Artificial intelligence has won in multiplayer poker. The final frontier has been broken!
Two years ago, Libratus won a poker game with four pros. The multi-day tournament was one-on-one and the people suffered a terrible defeat. It was a huge step forward for artificial intelligence, but even the co-founder of Libratus, Professor Tuomas Sandholm, did not believe that the AI could cope with more players at the same time. The scientist had just proved himself wrong.
Sandholm is the co-author of an algorithm called Pluribus, which has just beaten six pros in unlimited Texas Hold'em. I didn't think it would be possible in my lifetime, said the scientist.
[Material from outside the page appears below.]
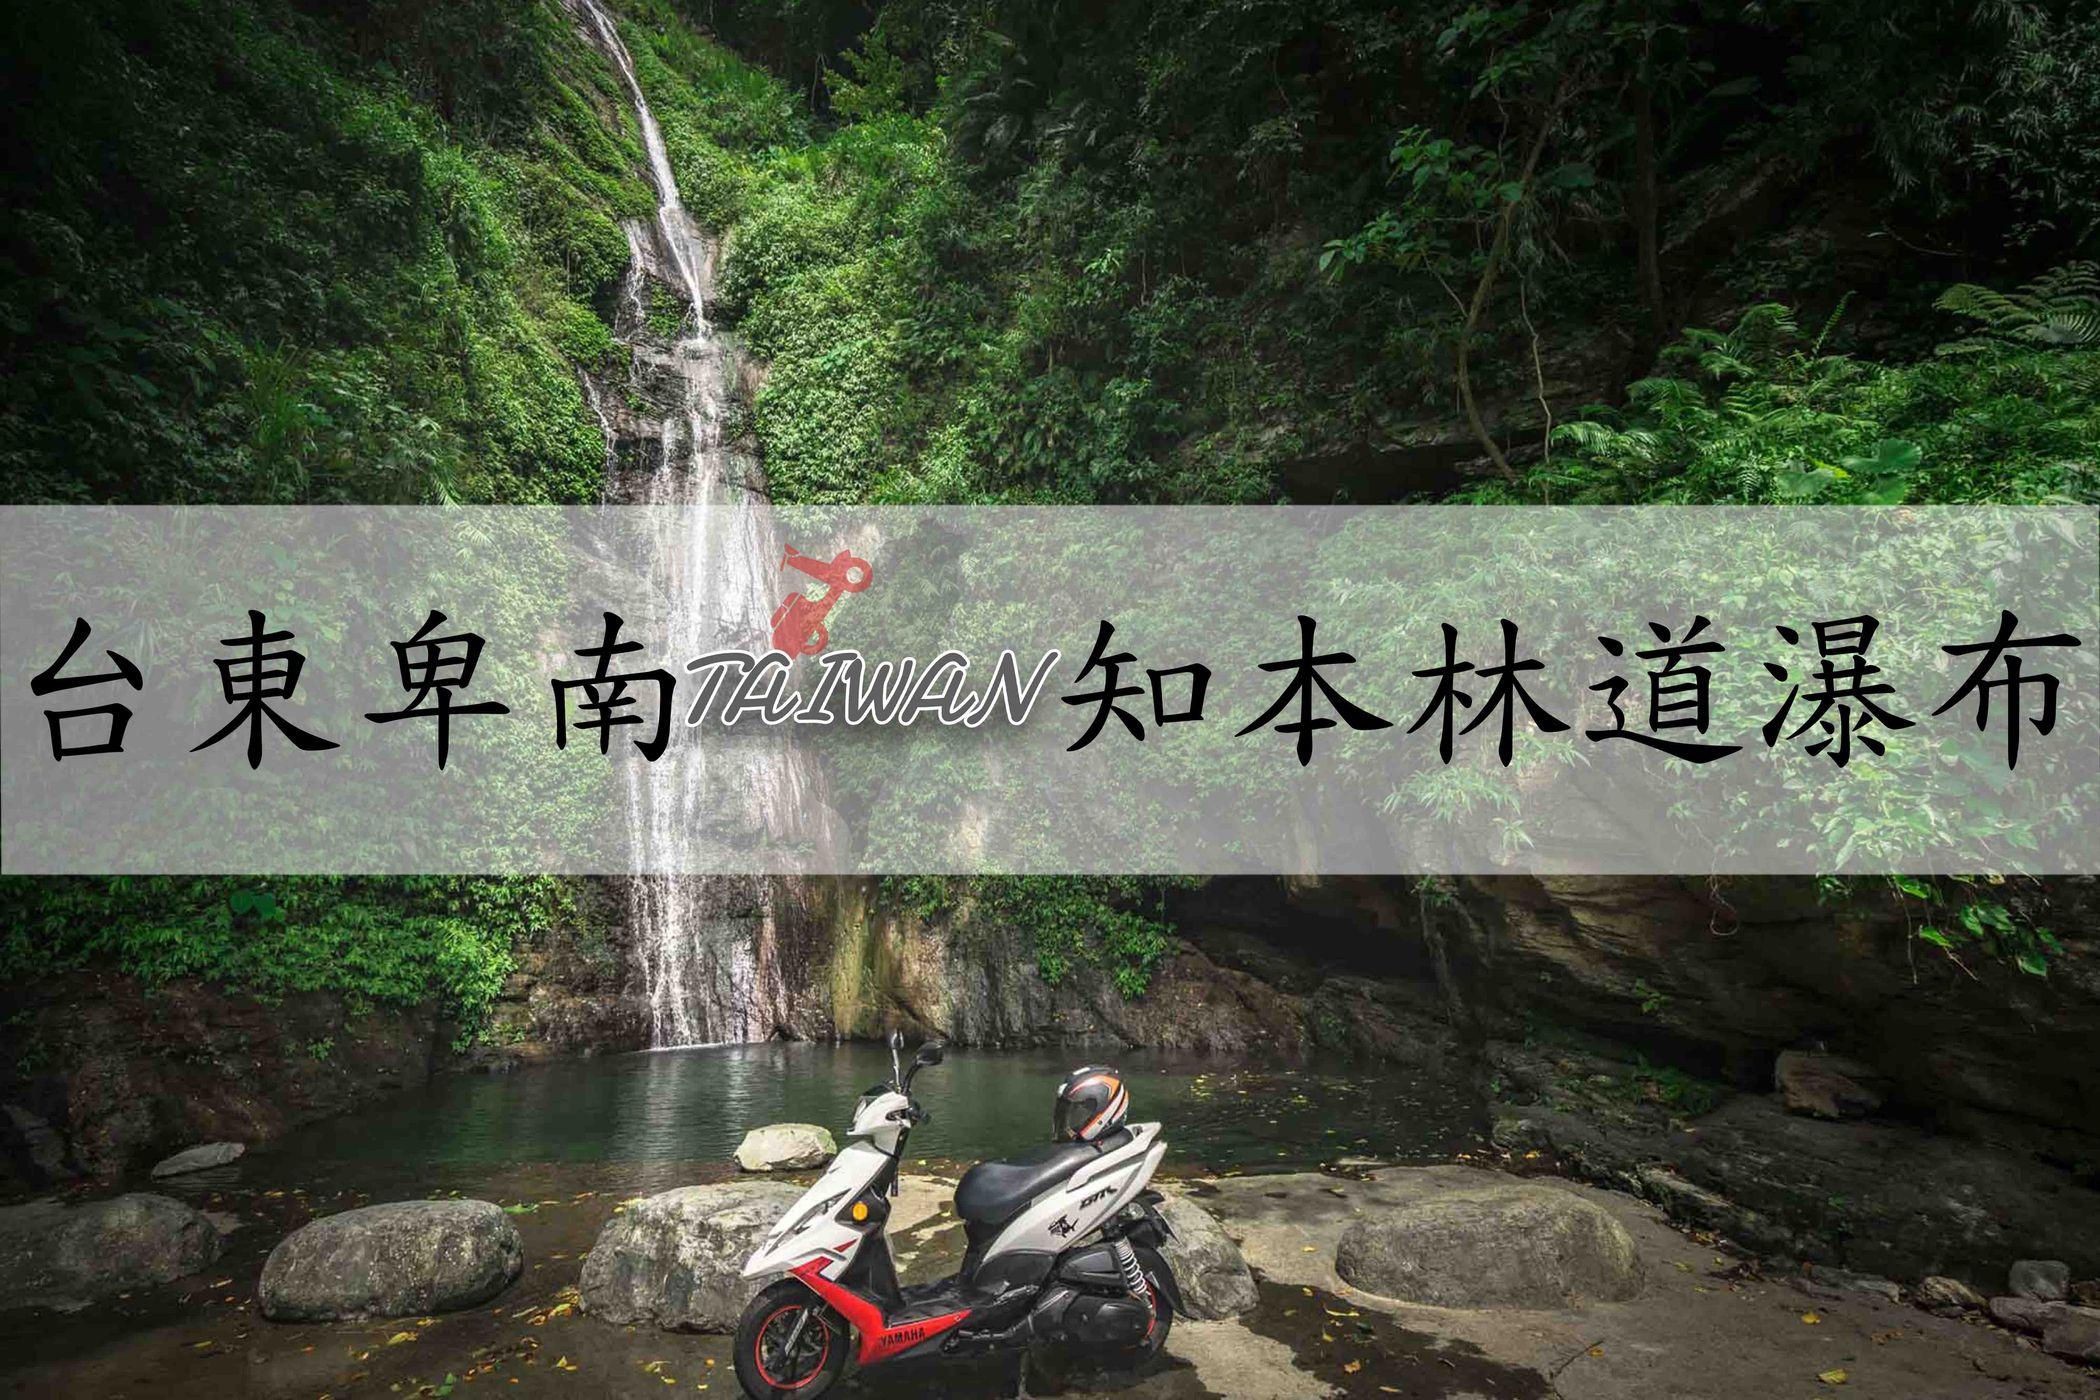 『台東卑南景點』路邊瀑布,知本林道瀑布|隱藏在林道裡的秘境,交通路線、注意事項一次搞定

So far, artificial intelligence has been doing better and better in games with people, but it was a one-on-one or team game, two against two. The AI amazed with its achievements in checkers, chess, Go and poker. All matches were zero-sum games. One side won and the other lost. However, playing against six people is a completely different level of difficulty. It is more like a real situation when you need to make decisions without knowing the resources (cards) and decision-making process of your opponents. This is the first serious test of AI's ability in a situation other than a duel or a fight between two teams and a zero-sum game. This is the first time we have gone beyond this paradigm and shown that SI is doing well in such situations, says Pluribus co-founder Noam Brown, who works for Facebook AI Research.
Pluribus started with 1 man and 5 independent versions of Pluribus. With time he reached the level where he could win with 5 professionals at the same time. The opponents of artificial intelligence were 15 changing professional players, each of whom had previously won at least a million dollars in poker. 10,000 hands were played and the tournament lasted 12 days.
Although Pluribus did not win over the people as overwhelming as Libratus, his achievements surprised the experts. There was some evidence to suggest that the SI techniques used in a poker duel should also work with three players, but it was not clear whether they could be applied to more opponents playing at the highest level. It is really sensational news that they proved their worth in a six-person match. This is an important milestone," says Professor Michael Wellman of the University of Michigan.
Pluribus, like Libratus, learned poker by playing a lot of simulated duels with himself. According to its creators, the success of the program lies in the use of "limited depth search". This mechanism allows the AI to calculate a few moves forward for all opponents and to develop the best strategy on this basis. This type of tactic is used by many poker programs, but its use in a six-player game requires a huge amount of memory to store all possible moves of all opponents and all possible bets. Libratus dealt with this problem by considering only the last two rounds of conquests. However, it still required the use of 100 processors for a two-player game.
Pluribus worked a little differently. He only considered four possible behaviors of the opponent. One is the calculated most probable move, the other is where the opponent leans towards the belt, the third is when the opponent rather chooses to check and the last is when the opponent rather raises the bet. Thanks to this it was possible to significantly reduce the required counting resources. The algorithms used were extremely efficient. Suffice it to say that during the live show Pluribus was running on a machine with only two processors and 128 GB of RAM. It is astonishing that this was achieved at all and that it was achieved without using the computational power of GPUs and other extremely powerful hardware," says Sandholm. Suffice it to say that the AlphaGo program that defeated Go Lee Sedola in 2016 used 1920 CPUs and 280 GPUs.
The experts from Carnegie Mellon University and Facebook, who created Pluribus, will only publish its pseudo-code, which is a description of the steps needed to create a similar program. However, they decided not to release the real code in order not to facilitate the distribution of poker software. This could destroy both the business and the gaming community.
The SI algorithm used can be used wherever decisions need to be made without full knowledge of what others are doing or thinking. It will be useful in areas such as cyber security, trade, business negotiations or price fixing. According to Sandhlom, it can also help in the upcoming US presidential elections by helping candidates to determine the level of spending needed to win in key states. Sandholm has already established three companies that will provide SI-enabled services in business and military markets.
Interesting
Congratulations @imbagaming! You received a personal award!
You can view your badges on your Steem Board and compare to others on the Steem Ranking
Do not miss the last post from @steemitboard:
Vote for @Steemitboard as a witness to get one more award and increased upvotes!